The Center for Social Security Studies of Wuhan University, Wuhan, 430072, China.
School of Mathematics and Physics, Anhui University of Technology, Ma Anshan, 243002, China.
Int J Equity Health. 2019 Jun 14;18(1):90. doi: 10.1186/s12939-019-0987-1.
The inequity of healthcare utilization in rural China is serious, and the urban-rural segmentation of the medical insurance system intensifies this problem. To guarantee that the rural population enjoys the same medical insurance benefits, China began to establish Urban and Rural Resident Basic Medical Insurance (URRBMI) nationwide in 2016. Against this backdrop, this paper aims to compare the healthcare utilization inequity between URRBMI and New Cooperative Medical Schemes (NCMS) and to analyze whether the inequity is reduced under URRBMI in rural China.
Using the data from a national representative survey, the China Health and Retirement Longitudinal Study (CHARLS), which was conducted in 2015, a binary logistic regression model was applied to analyze the influence of income on healthcare utilization, and the decomposition of the concentration index was adopted to compare the Horizontal inequity index (HI index) of healthcare utilization among the individuals insured by URRBMI and NCMS.
There is no statistically significant difference in healthcare utilization between URRBMI and NCMS, but in outpatient utilization, there are significant differences among different income groups in NCMS; high-income groups utilize more outpatient care. The Horizontal inequity indexes (HI indexes) in outpatient utilization for individuals insured by URRBMI and NCMS are 0.024 and 0.012, respectively, indicating a pro-rich inequity. Meanwhile, the HI indexes in inpatient utilization under the two groups are - 0.043 and - 0.028, respectively, meaning a pro-poor inequity. For both the outpatient and inpatient care, the inequity degree of URRBMI is larger than that of NCMS.

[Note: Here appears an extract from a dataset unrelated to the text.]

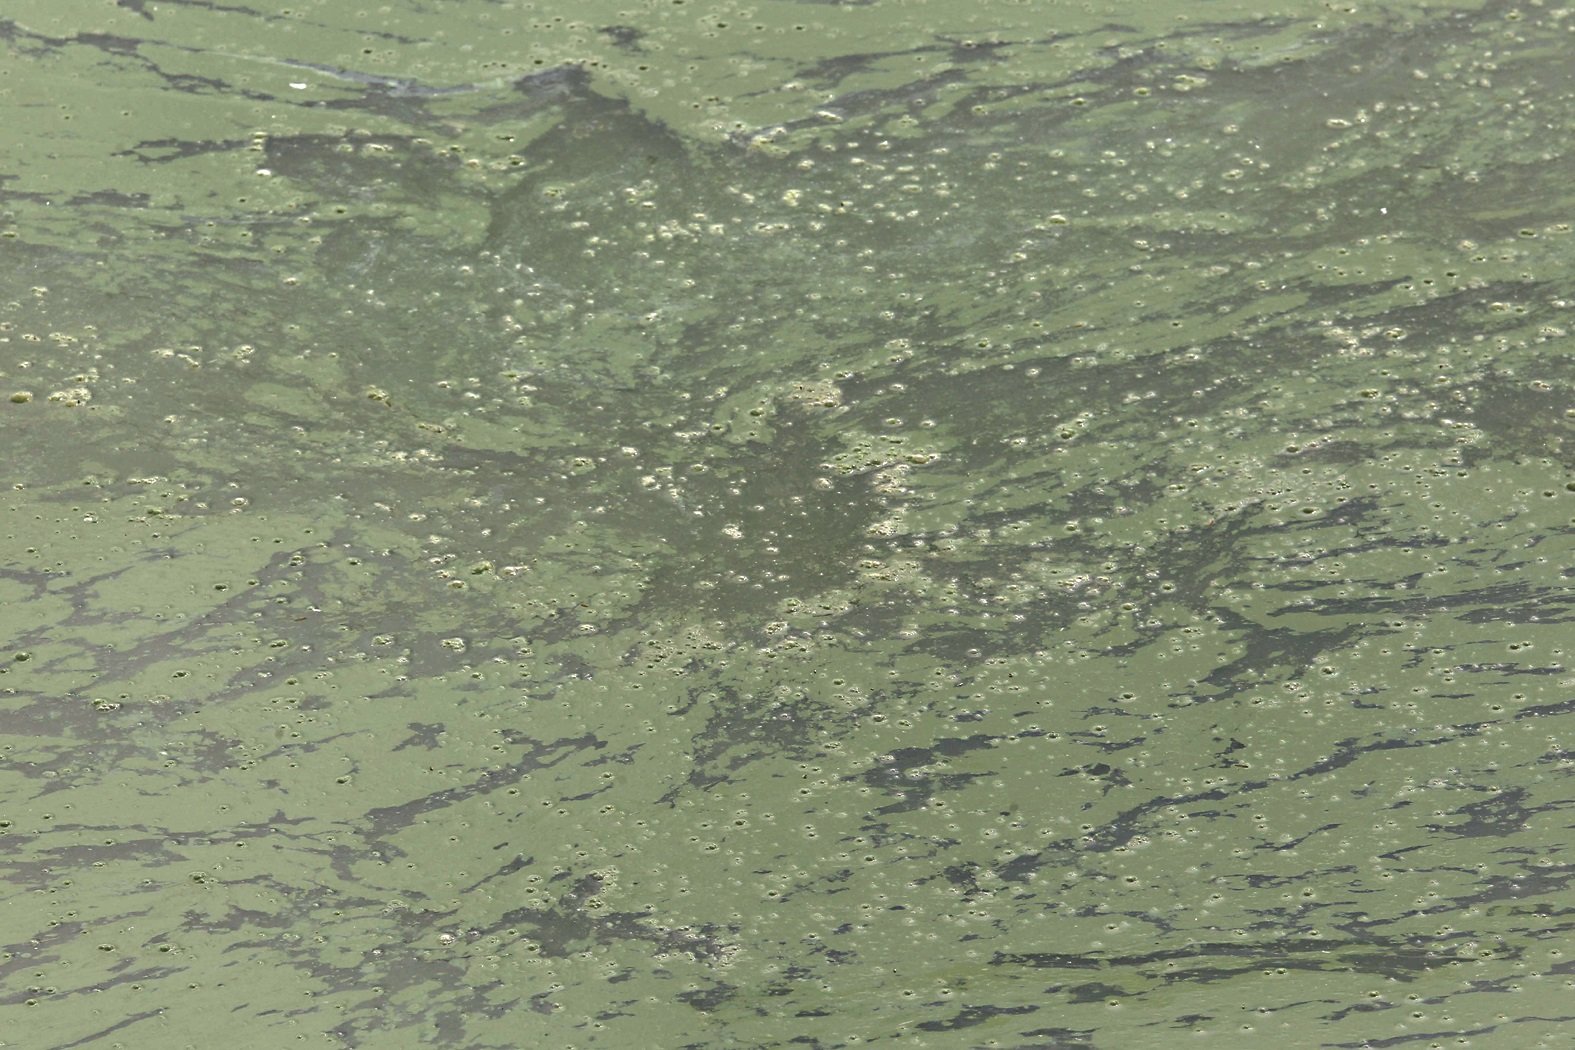 水面上出现的一层绿色浮游物就是藻类，鱼塘内的巴丁鱼一般都会靠吸食这些藻类增加营养。

This paper shows that inequity still exists in rural areas after the integration of urban-rural medical insurance schemes, and there is still a certain gap between the actual and the expected goal of URRBMI. Specifically, compared to NCMS, the pro-rich inequity in outpatient care and the pro-poor inequity in inpatient care are more serious in URRBMI. More chronic diseases should be covered and moral hazard should be avoided in URRBMI. For the vulnerable groups, special policies such as reducing the deductible and covering these groups with catastrophic medical insurance could be considered.
中国农村地区的医疗保健利用不平等现象严重,而医疗保险制度的城乡分割加剧了这一问题。为了确保农村人口享有同等的医疗保险福利,中国于 2016 年开始在全国范围内建立城乡居民基本医疗保险(URRBMI)。在此背景下,本文旨在比较 URRBMI 和新型农村合作医疗制度(NCMS)之间的医疗保健利用不平等,并分析在农村地区 URRBMI 是否降低了这种不平等。
利用 2015 年进行的全国代表性调查——中国健康与退休纵向研究(CHARLS)的数据,应用二元逻辑回归模型分析收入对医疗保健利用的影响,并采用集中指数分解法比较 URRBMI 和 NCMS 参保个体的医疗保健利用水平不公平指数(HI 指数)。
URRBMI 和 NCMS 在医疗保健利用方面没有统计学上的显著差异,但在门诊利用方面,NCMS 在不同收入组之间存在显著差异;高收入组利用更多的门诊医疗服务。URRBMI 和 NCMS 参保个体的门诊利用水平不公平指数(HI 指数)分别为 0.024 和 0.012,表明存在富裕程度不公平。同时,两组参保个体的住院利用水平不公平指数(HI 指数)分别为-0.043 和-0.028,表明存在贫困程度不公平。无论是门诊还是住院治疗,URRBMI 的不公平程度都大于 NCMS。
本文表明,城乡医疗保险制度整合后,农村地区仍存在不平等现象,URRBMI 的实际效果与预期目标仍存在一定差距。具体而言,与 NCMS 相比,URRBMI 在门诊治疗方面存在更严重的富裕程度不公平,在住院治疗方面存在更严重的贫困程度不公平。URRBMI 应更多地覆盖慢性病,并避免道德风险。对于弱势群体,可以考虑出台特殊政策,如降低免赔额,为这些群体提供灾难性医疗保险。